[Start of Attachment]

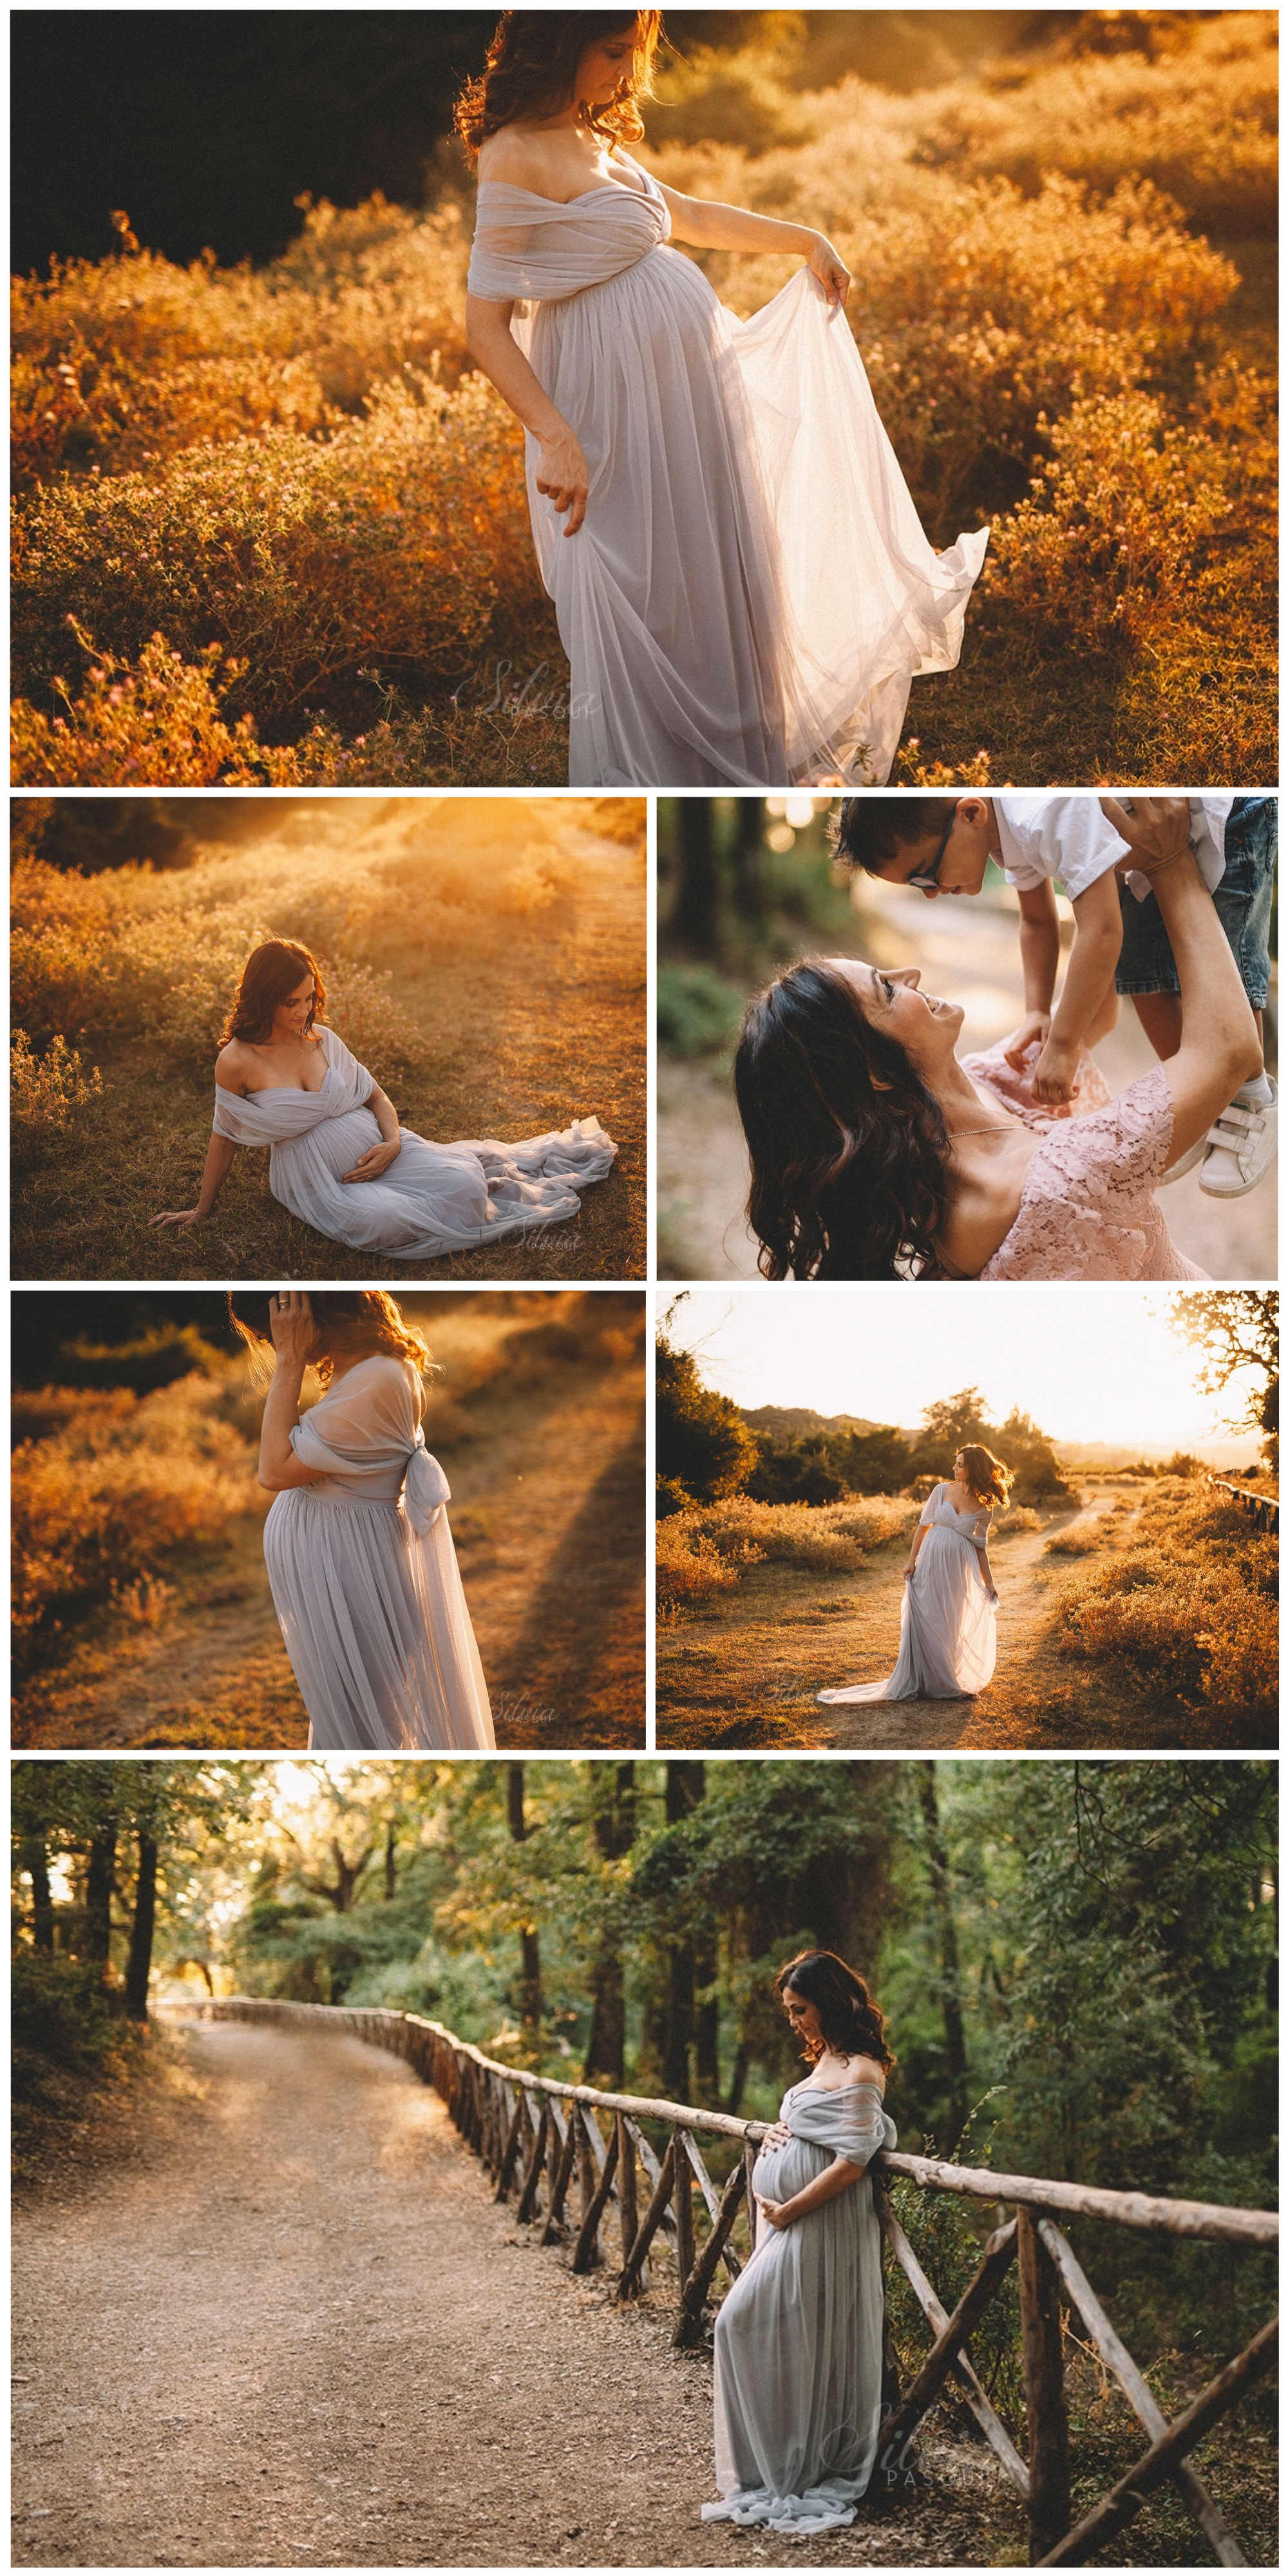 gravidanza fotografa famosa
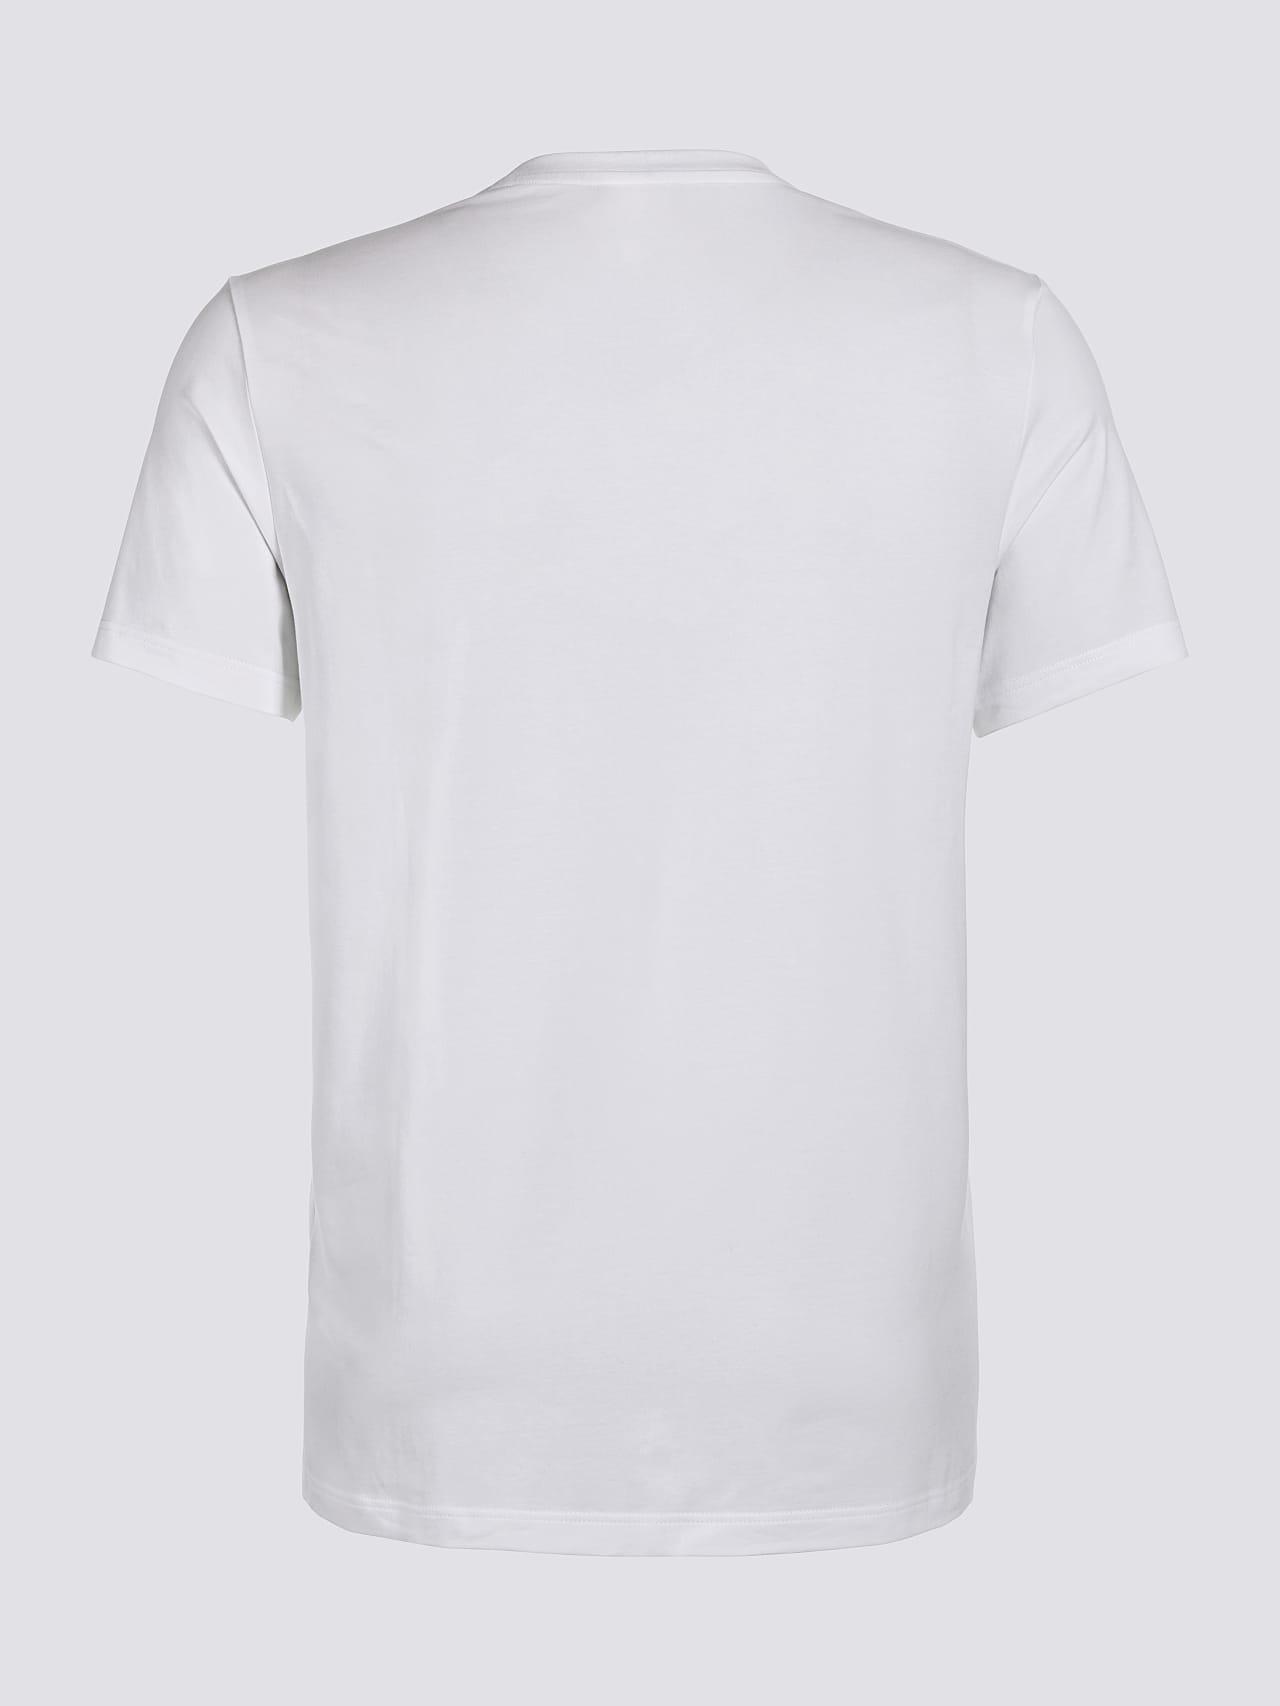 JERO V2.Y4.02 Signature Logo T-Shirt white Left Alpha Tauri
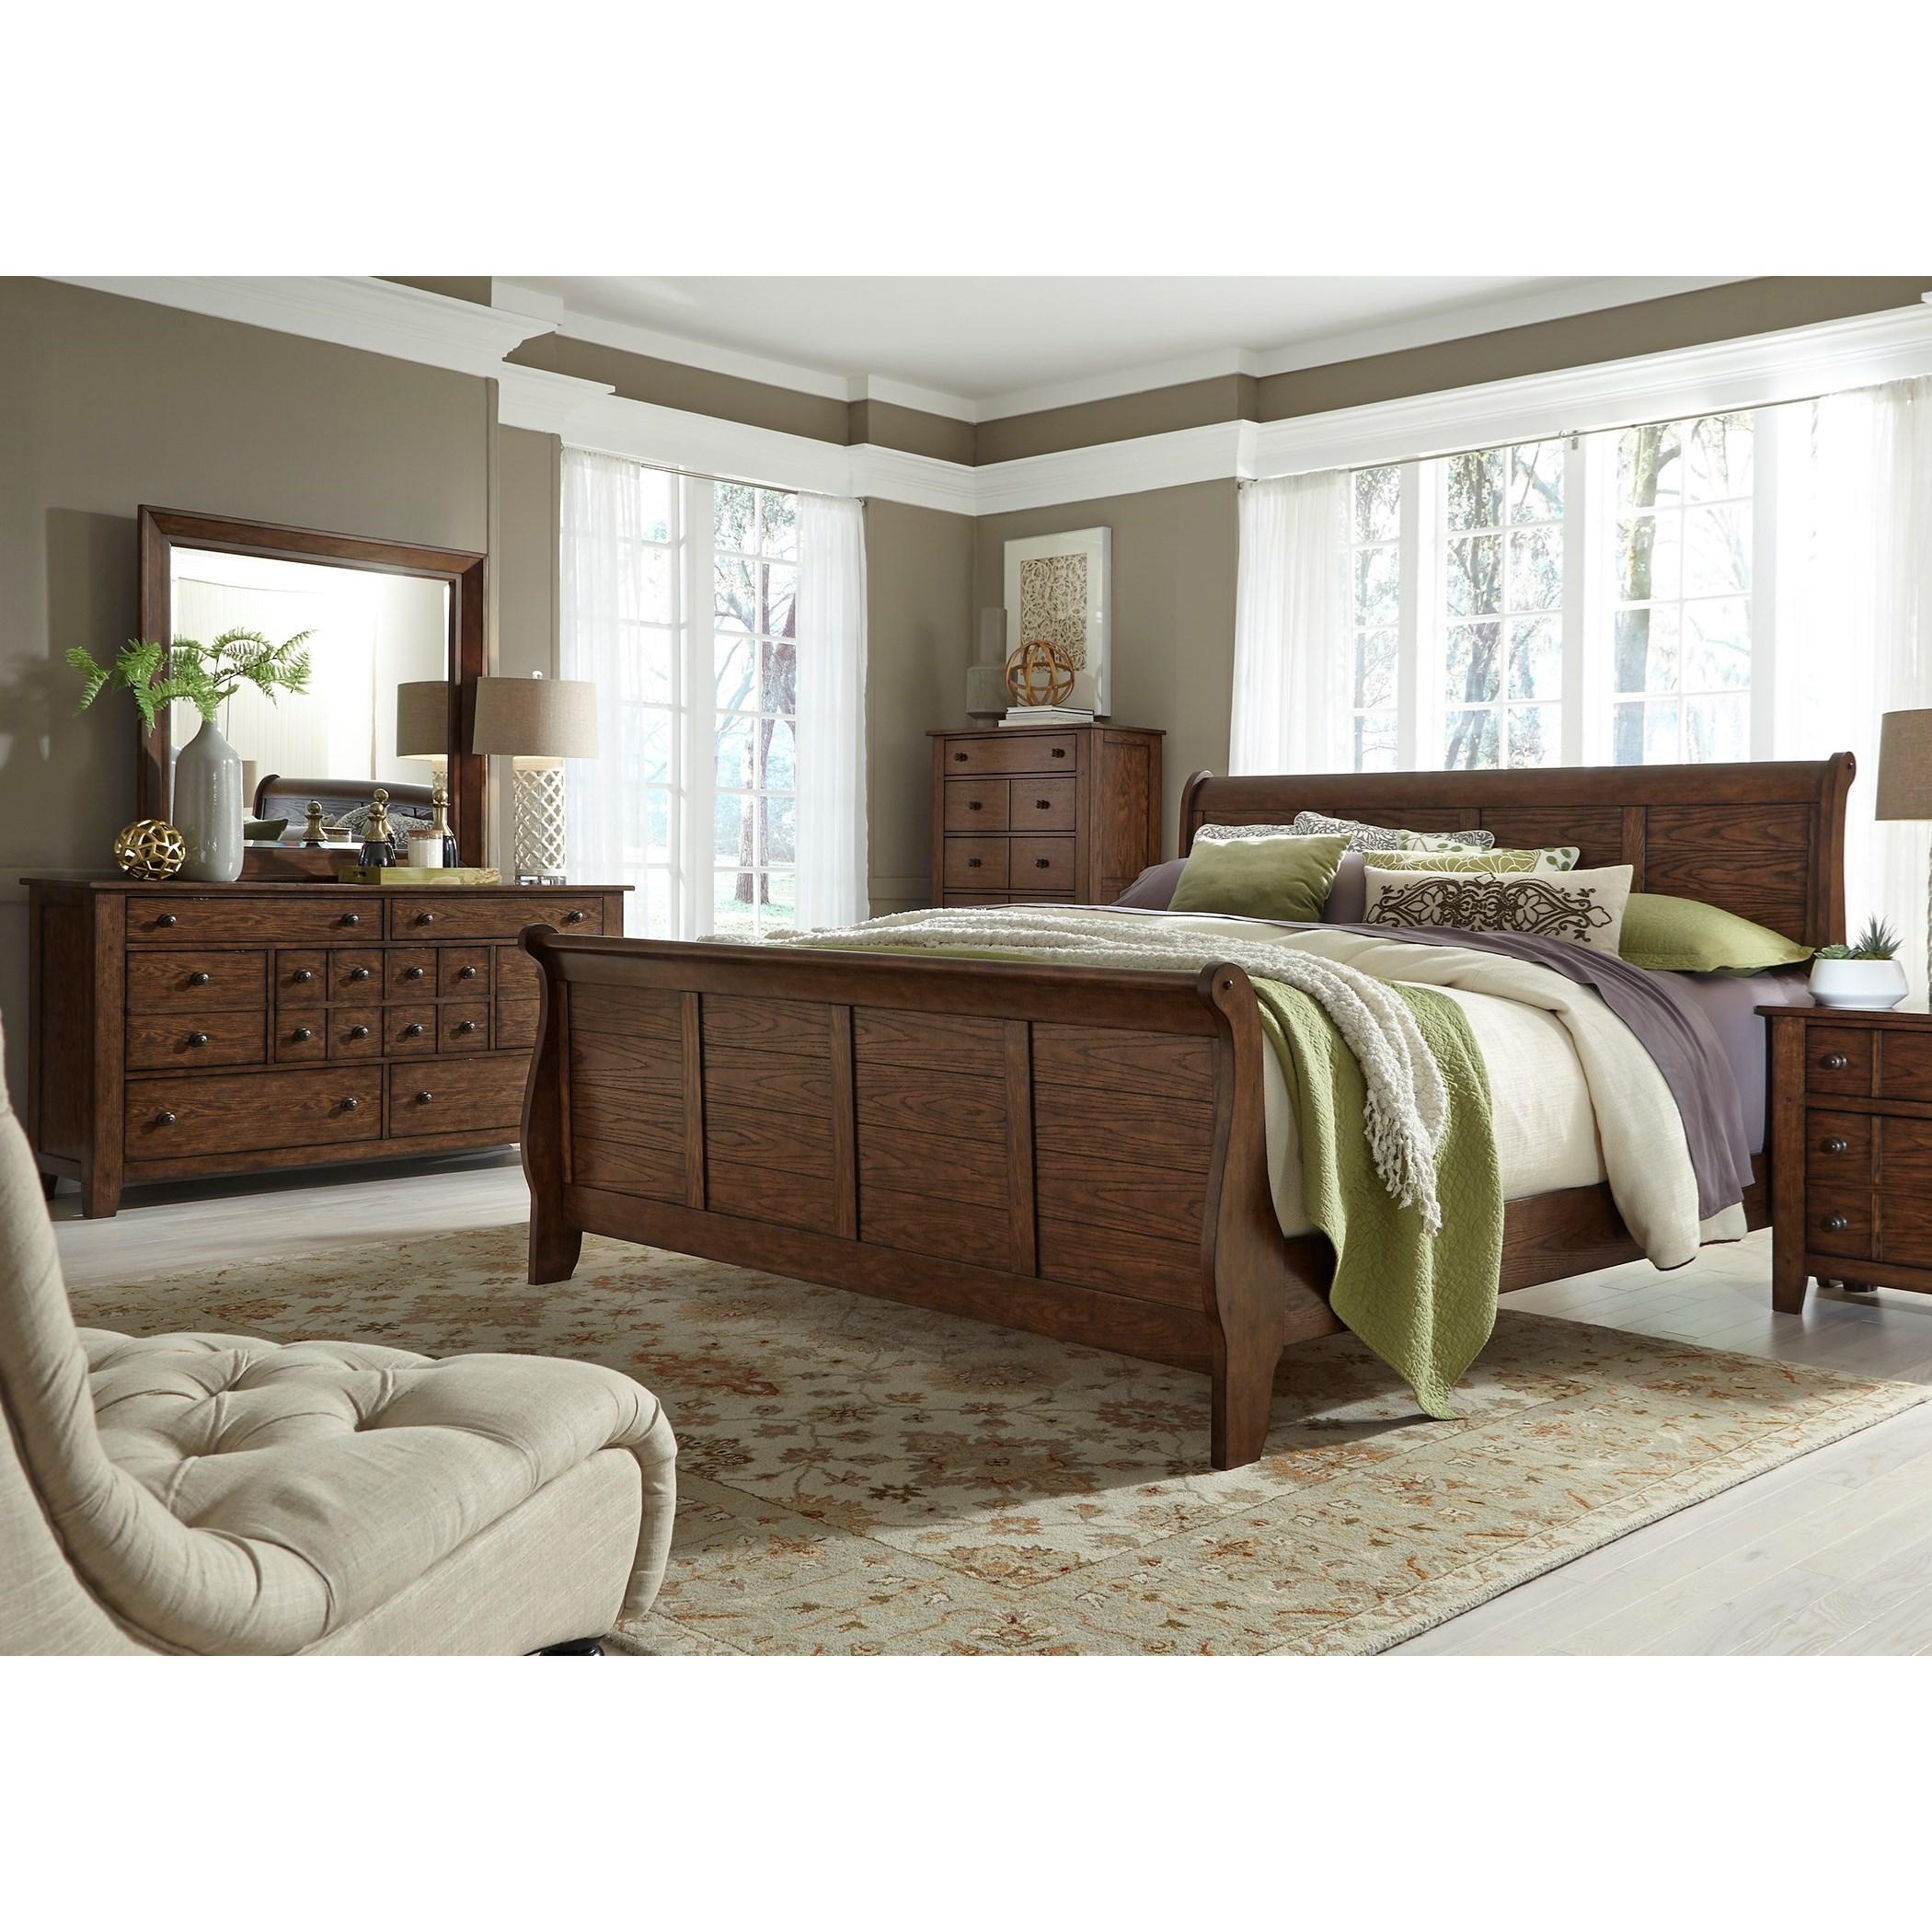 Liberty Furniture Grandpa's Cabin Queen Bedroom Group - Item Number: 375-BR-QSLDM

[End of Attachment]

▶ Problem statement: Leaving every picture out, repeat each line of the material exactly.

▶ Reply:
 gravidanza fotografa famosa
 JERO V2.Y4.02 Signature Logo T-Shirt white Left Alpha Tauri
 Liberty Furniture Grandpa's Cabin Queen Bedroom Group - Item Number: 375-BR-QSLDM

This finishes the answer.